Neal Stephenson, Anathem

It has been awhile since I’ve written about a book on these pages, although I haven’t stopped reading.  I continued my foray through some of Neil Gaimon’s work: Anansi Boys (good but not great), Fragile Things (some gems in this short story collection), and Good Omens (cowritten with Terry Pratchett and rather disappointing).  Perhaps the best book I read recently was Michael Pollan’s Omnivore’s Dilemma.  I never thought I would be riveted by chapters on grain, but Pollan is such an engaging writer, he could have written about almost anything.  His book is essential reading for everyone.

No work of fiction, though, compares to Neal Stephenson’s monumental novel, Anathem.  Every once in awhile I read a book that I keep thinking about all day (and unfortunately in this case, even all night), and for Anathem, I was drawn both to the story and to the philosophical questions positioned throughout.  It’s tough to condense this novel, clocking in at nearly 1,000 pages, but in a nutshell . . . . Anathem’s world is divided between secular and “avout,” the latter of whom are isolated from secular society and who spend their time exploring philosophical and intellectual rather than narrowly-defined religious ideas.  I don’t want to give anything away, so I’ll add that events happen that cause this society to question this division before an apocalyptic event.

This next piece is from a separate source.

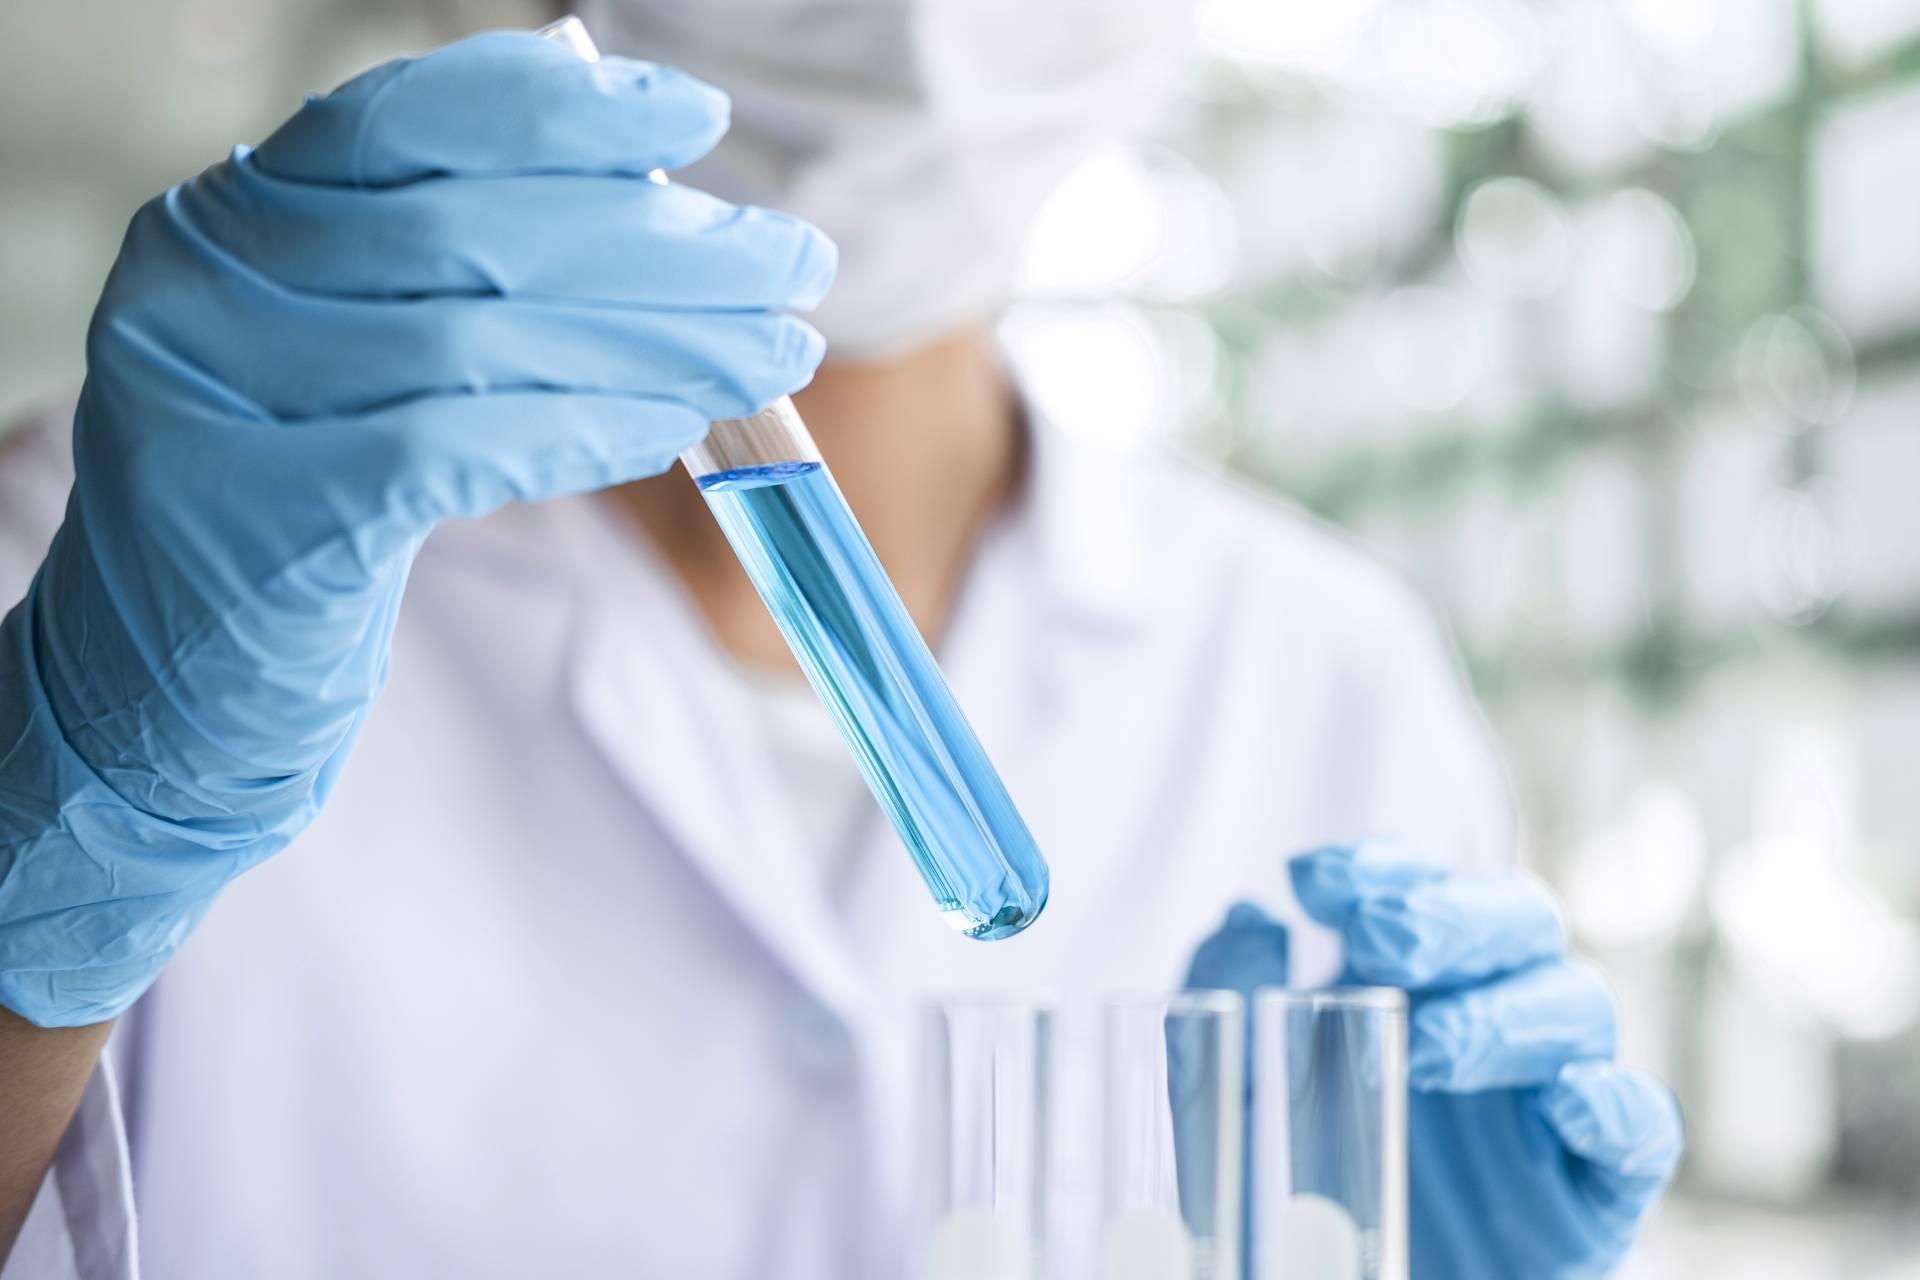 Jak leczyć raka trzustki? Testowanie próbek w laboratorium.

Anyone who merely reads for escapism and a good plot should avoid this novel.  There are loose ends and questions that remain, characters who never fully develop, and dozens of pages spent examining the avout’s consideration of philosophical quandries.  But for those who read for an intellectual challenge with an engaging plot on the side, for those who do not mind working a bit while reading, then do yourself a favor and read Anathem.  Or if you want to see more information before you take the plunge (and what a plunge it is), check out Stephenson’s web site, http://www.nealstephenson.com/anathem/, which comes complete with a “trailer” for the book.

This is one of the best novels I’ve read since Stephenson’s Cryptonomicon, and I dare give it some of the highest praise I can by stating that Anathem has the epic quality of Moby-Dick, for me the pinnicle of novel writing.  Like Melville’s masterpiece, Anathem is rough and, at times, messy, but it is much more than a novel–it is a profound reading event.  Enjoy!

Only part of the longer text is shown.